Fig. 4 Aqueous solution of L-Au/sol (a1) and L-Ag/sol (b1). TEM images at different magnifications of L-Au/sol (a2 and a3) and L-Ag/sol (b2 and b3) (taken from a highly diluted solution containing Au/sol or Ag/sol). CD and UV-vis spectra of Au/sol (c) and Ag/sol (d) (both samples were diluted from their stock solutions), red lines for the D-form and blue lines for the L-form.

To elucidate the chirality originating from the metallic NPs, the optical properties of Au/sol and Ag/sol were further investigated using VCD by introducing a labelling probe for the metallic NPs.
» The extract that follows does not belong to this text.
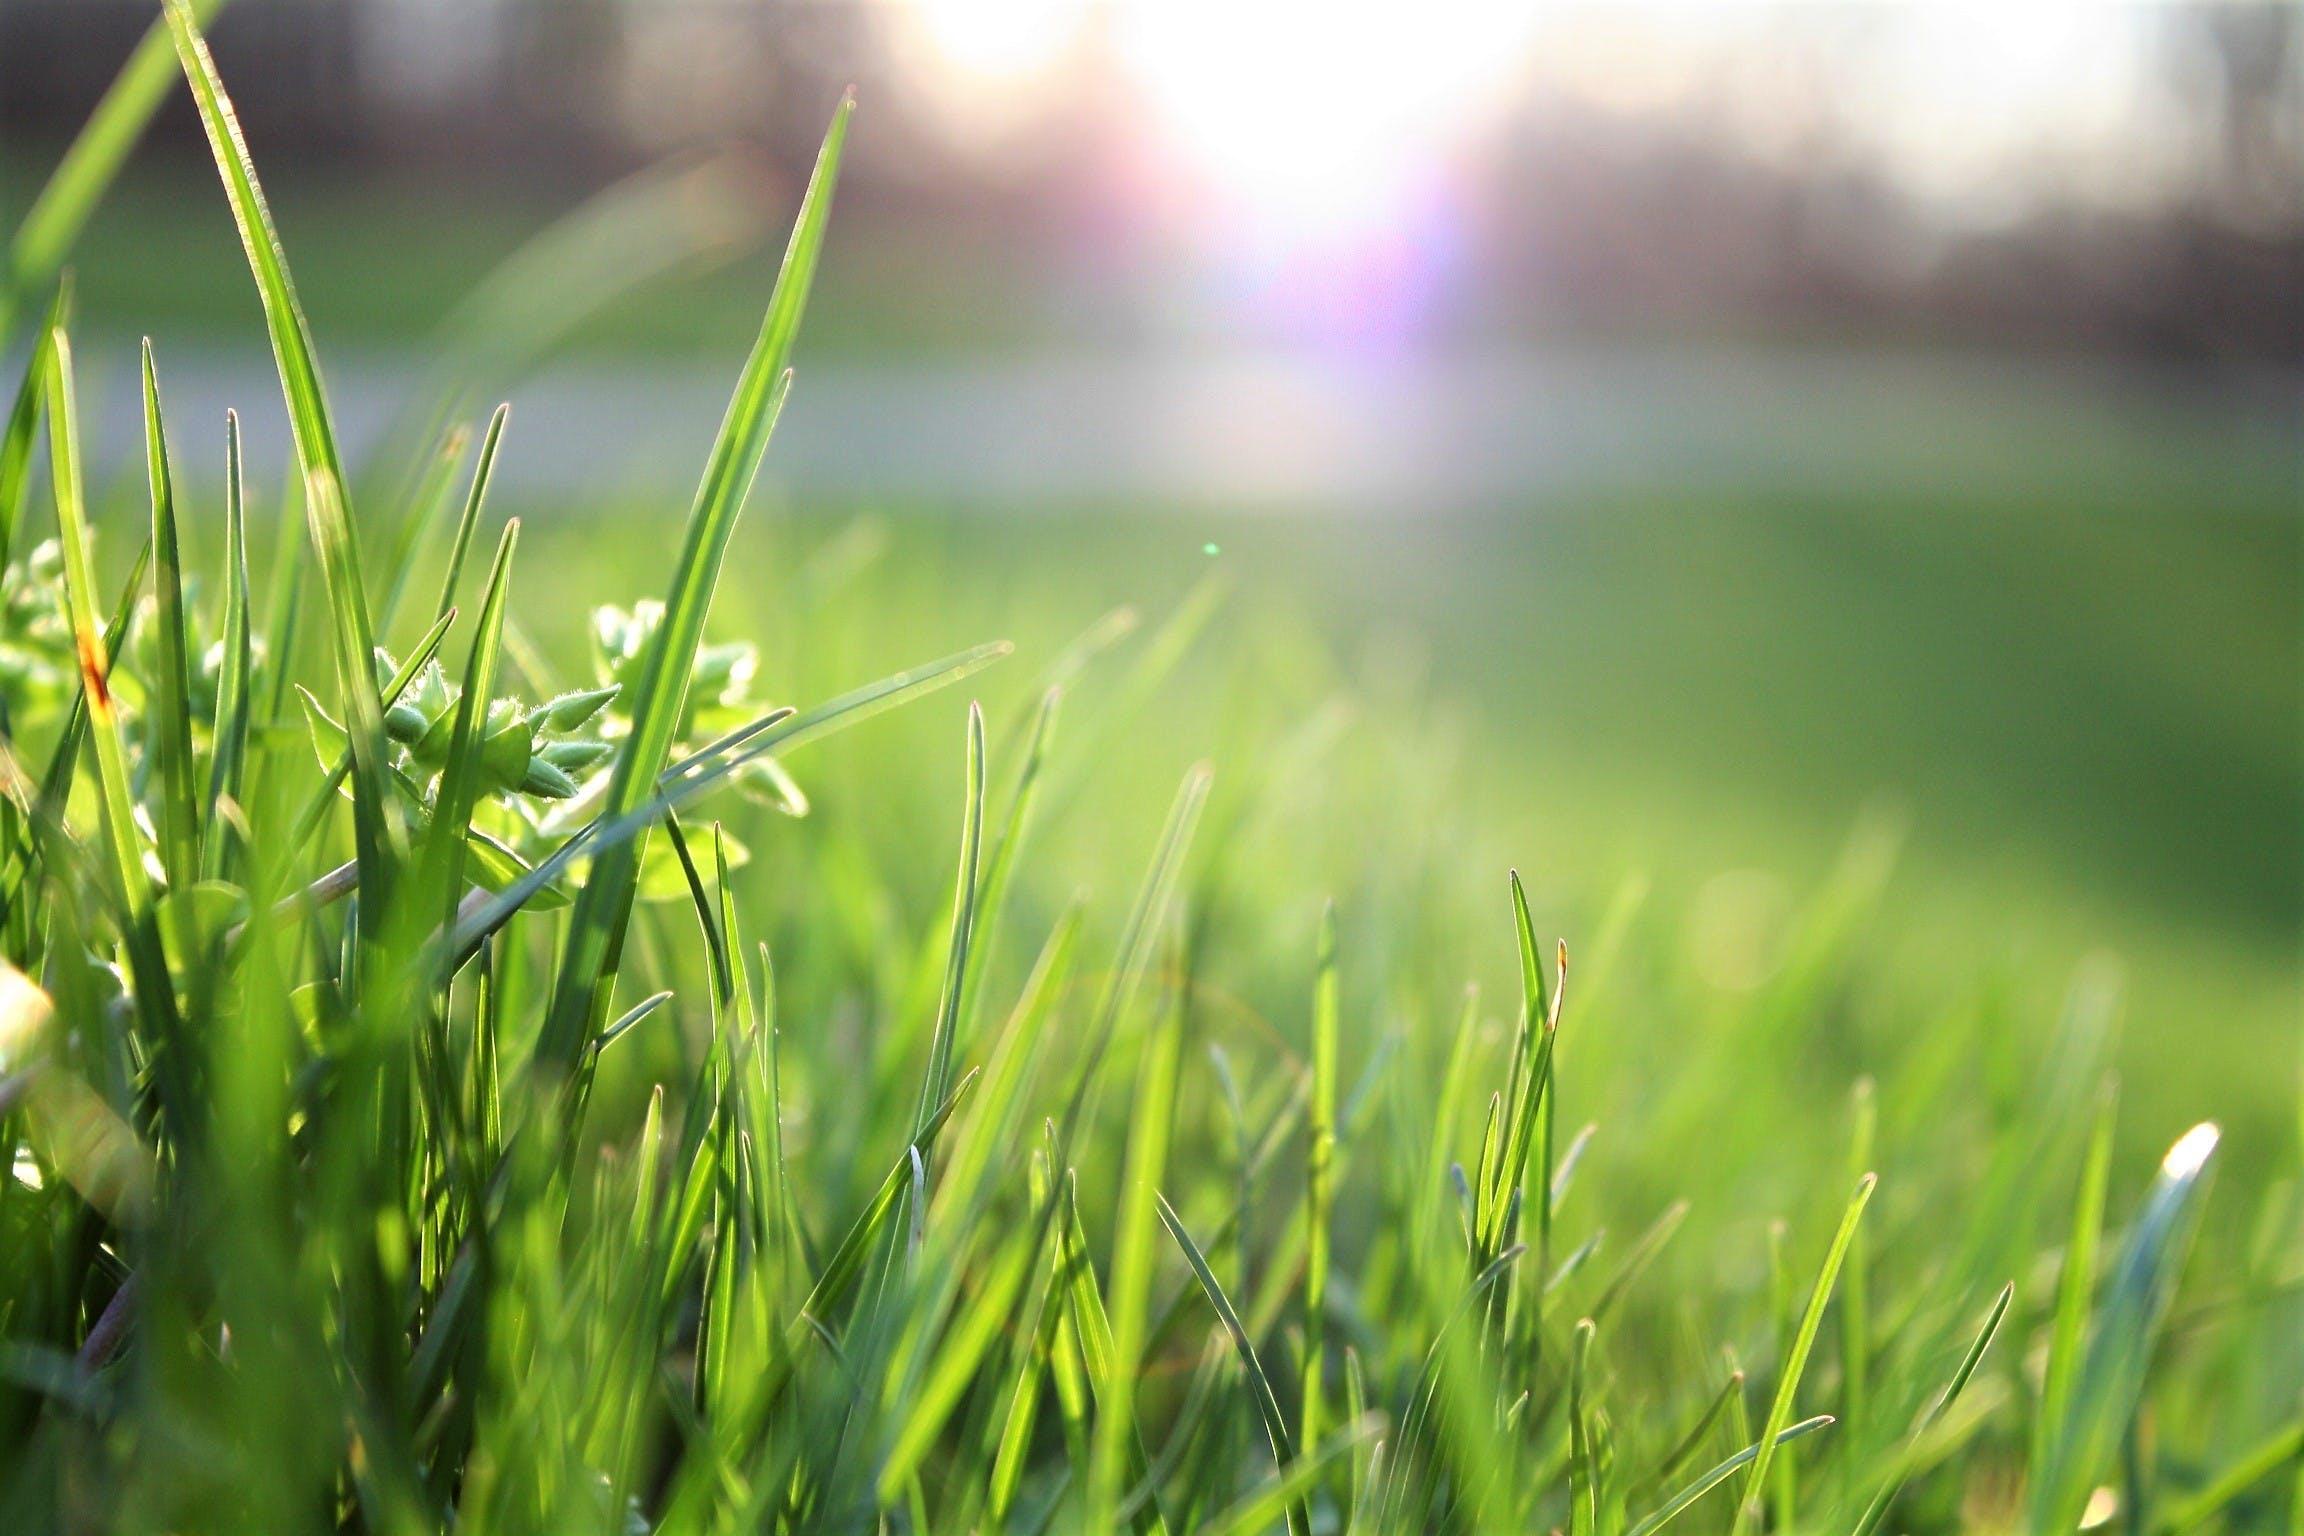 Fotos de stock gratuitas de brizna de hierba, césped, jardín, macro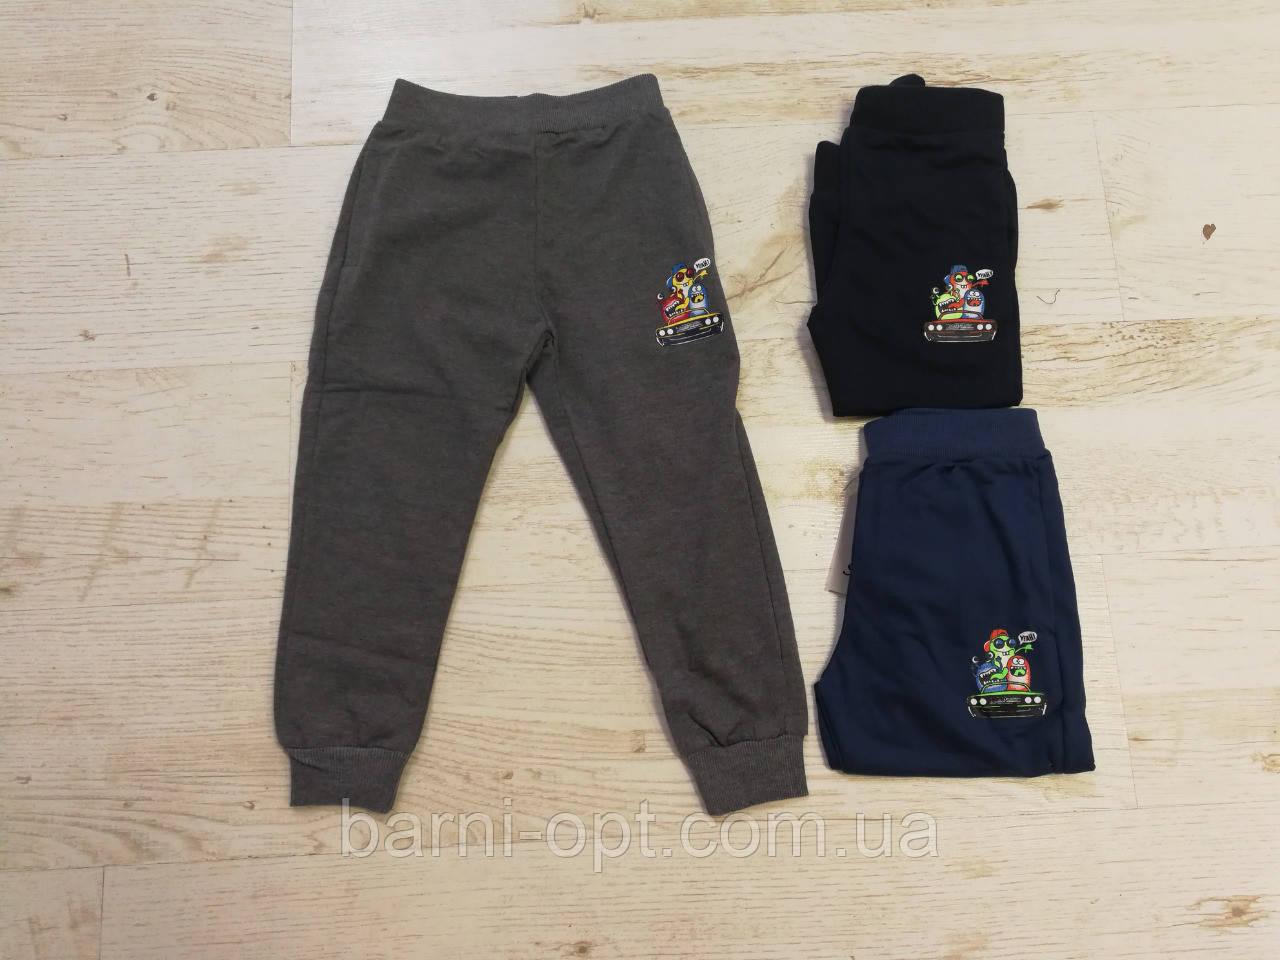 Трикотажные спортивные брюки для мальчиков оптом, Sincere 80-110 рр.

From previous work on chiral Si NPs in which it was learned that the adsorbed PVP was made active in VCD spectra because of the induced effect from Si although the silica sol could not cause such an effect.²⁶ It is well known that PVP interacts effectively with the surface of the metallic NPs because of the strong capping power of the amide groups on the metallic NPs, and thus, it is often used as a stabilizing agent for the dispersion of metallic NPs in organic/aqueous/liquid ionic media.^32,33 For this reason, in this research, PVP was used as a convenient probe in VCD to determine the chiroptical features of the metallic NPs. First of all, casting films were prepared on a silicon wafer using a mixture of PVP/Au/sol and PVP/Ag/sol and then they were analyzed using VCD measurements (Fig. 5). In this case, two chiral factors, which would be derived from metallic NPs and SiO₂ sol, can be considered. If the chiral domain exists in the metallic NPs, PVP should exhibit the induced VCD signals in the region of PVP absorption. As shown in Fig. 5c and d, FT-IR spectra of PVP/Au/sol and PVP/Ag/sol showed vibration signals of PVP in the range of 1000–1800 cm⁻¹ (the bands located at 1658, 1427 and 1287 cm⁻¹ were assigned to C=O stretching, CH₂ bending and C–N vibration, respectively). As was expected, the VCD spectra indicated the Cotton effects corresponding to the vibrations of PVP, particularly to the stretching vibration of the C=O group with a remarkable chiroptical mirror relationship (see Fig. 5a and b) both for D/L-Au and D/L-Ag systems. This strongly suggests that the metallic NPs have sufficient chiral structures to interact with the amide groups of PVP, thus causing the induced VCD activity from the achiral polymer. In comparison, PVP adsorbed achiral Ag and Au NPs did not show VCD signals although they have strong stretching peaks around 1660 cm⁻¹ because of the C=O group (see Fig. S11†).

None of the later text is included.